Metal Oxide Nanomaterials: From Fundamentals to Applications

This Special Issue of Nanomaterials, “Metal Oxide Nanomaterials: From Fundamentals to Applications”, highlights the development and understanding of different types of metal oxide nanoparticles and their use for applications in luminescence, photocatalysis, water–oil separation, optoelectronics, gas sensors, energy-saving smart windows, etc. The wide variety of applications covered by the 10 articles published here is proof of the growing attention that the use of metal oxide nanomaterials has received in recent years. Here, nanomaterials are defined, based on the October 2011 European Commission’s definition, as materials with one or more external dimension in the range of 1–100 nm. As the surface area per mass of a material increases, a greater proportion of the material can come into contact with the surrounding materials, thus affecting reactivity [1,2]. Nanomaterials have indeed revolutionized the world due to their unique properties and growing applications in all spheres of humankind, encompassing energy, health, and the environment.

Within this Special Issue, Gupta et al. designed and demonstrated excitation energy tunable light emission from barium zirconium oxide crystals as color-tunable phosphors [3]. The authors tuned the emission light from BaZrO₃:Eu³⁺ crystals from orange to red based on the charge transfer and f-f transition excitation of an Eu³⁺ dopant, which is dictated by its magnetic and electric dipole transition probabilities. Enesca et al. showed the potential of Cu₂O/SnO₂/WO₃ heterostructure powder in the efficient removal of pesticides photo-catalytically [4]. The photocatalytic mechanism corresponds to a charge transfer based on this three-component structure, where Cu₂O exhibited a reduction potential responsible for O₂ production and WO₃ had an oxidation potential responsible for OH· generation. Liang and his colleagues successfully decorated TiO₂ nanorods with a copper oxide layer through sputtering and post-annealing, which resulted in improved light absorption and photo-induced charge separations [5]. This led the composite nanorods to have enhanced photoactivity compared to the pristine TiO₂ nanorods.

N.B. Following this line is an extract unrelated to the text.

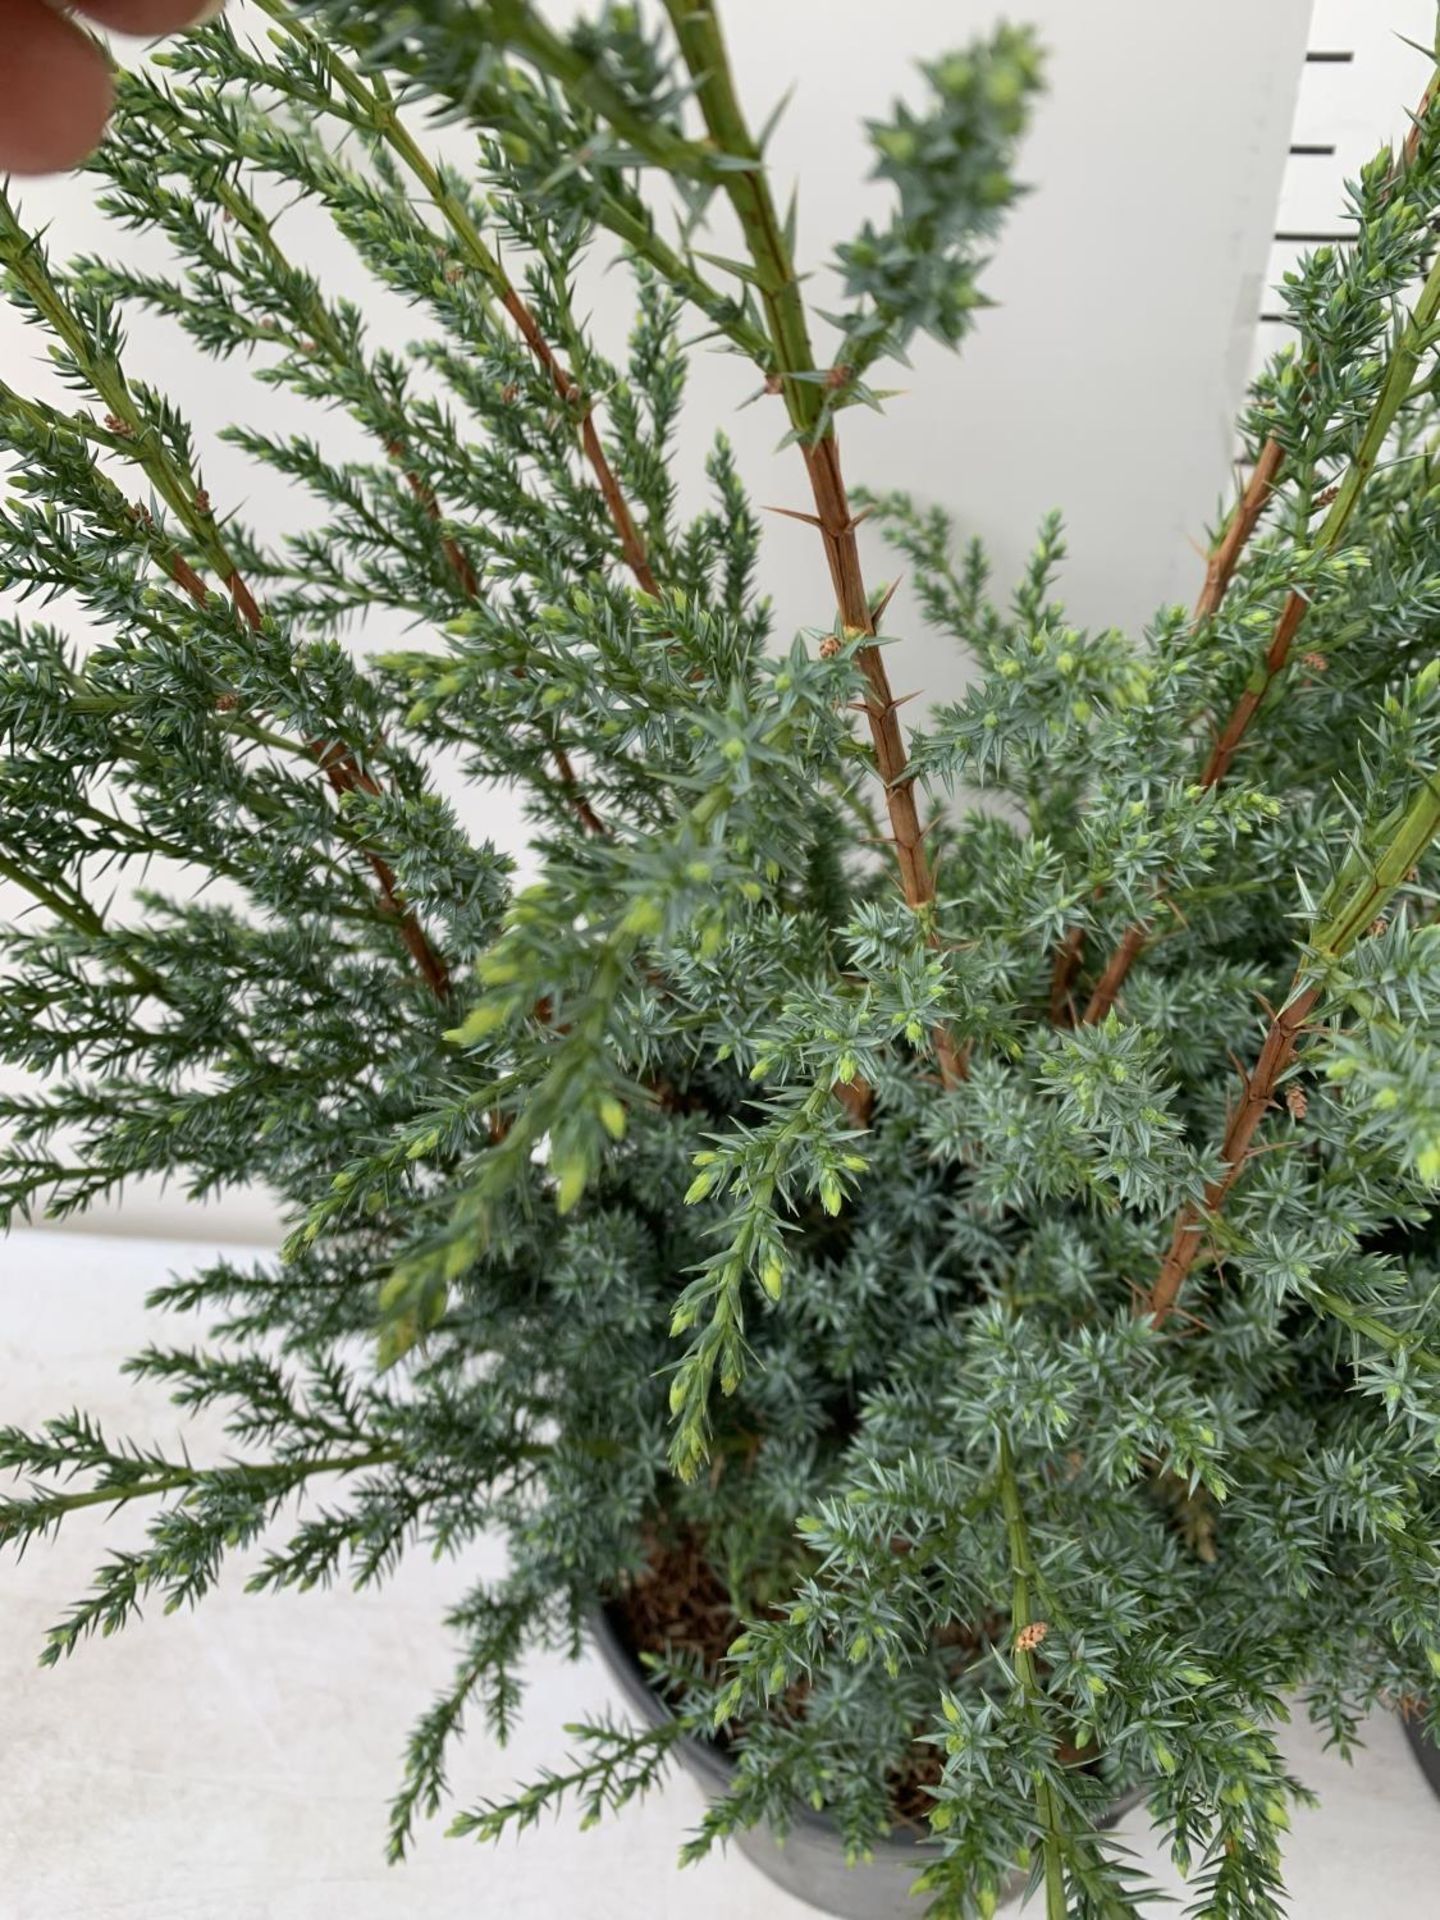 TWO JUNIPERUS CHINENSIS BLUE ALPS IN 7 LTR POTS A METRE IN HEIGHT PLUS VAT TO BE SOLD FOR THE TWO - Image 8 of 22

Other fascinating properties of nanocomposite based on metal oxides nanoparticles, particularly from ZnO, were explored by several other research groups [6]. For example, Si et al. synthesized Fe₃O₄@ZnO nanocomposites (NCs) to improve the stability of the viscoelastic surfactant (VES) fracturing fluid [7]. At a loading of 0.1 wt.%, this NC-VES nanocomposite showed superior stability at 95 °C or at a high shear rate and good sand-carrying performance and gel-breaking properties. Designing a surface with special wettability is an important approach to improving the separation efficiency of oil and water. Liu and co-authors demonstrated superhydrophobicity in both oil and water from their stainless-steel metal fibers coated with sol–gel-derived ZnO nano-pillars [8]. They found that their ZnO-coated stainless-steel metal fibers had a static underwater oil contact angle of 151.4° ± 0.8° and an underoil water contact angle of 152.7° ± 0.6° and was a highly promising candidate for both water-in-oil and oil-in-water separation in the industry. Maevskaya et al. studied the effect of Cu₂O on the photo-induced alteration of the hydrophilicity of TiO₂ and ZnO surfaces [9]. The Cu₂O/TiO₂ and Cu₂O/ZnO heterostructures showed photo-induced decay of the surface hydrophilicity caused by both UV and visible light irradiation. Simeonov and his group carried out defect engineering of ZnO by nitrogen doping [10]. They demonstrated that nitrogen doping in ZnO led to an abundance of oxygen and zinc vacancies and interstitials and contributed to enhanced electron transport properties in ZnO:N films. As another example demonstrating advancements in the roles of structure and morphology in material properties, Naszályi Nagy et al. prepared silica NPs with a diameter of 50 nm and covered them with a monoclinic/cubic zirconia shell using a green, cheap, and up-scalable sol–gel method [11]. They confirmed that these silica@zirconia core@shell NPs bind as muchas 207 mg of deoxynucleoside monophosphates on 1 g of this nanocarrier at neutral physiological pH while maintaining good colloidal stability.

Two review articles are also included in this Special Issues. In the first review, Li et al. comprehensively discussed the development of two-dimensional (2D) nanomaterials with metal oxide nanoparticles for gas sensing applications [12]. They further emphasized recent advances in the fabrication of gas sensors based on metal oxides, 2D nanomaterials, and 2D material/metal oxide composites with highly sensitive and selective functions. In the second review article, Kim et al. presented recent advances in fabricating flexible thermochromic VO₂(M) thin films using vacuum deposition methods and solution-based processes and discussed their optical properties for potential applications in energy-saving smart windows and several other emerging technologies [13].

In summary, this Special Issue presents just the tip of the iceberg of the broad, dynamic, and active fundamental research and applications in the developing field of metal oxide nanomaterials by collecting a few examples of the latest advancements. We hope that the readers enjoy reading these articles and find them useful for their research.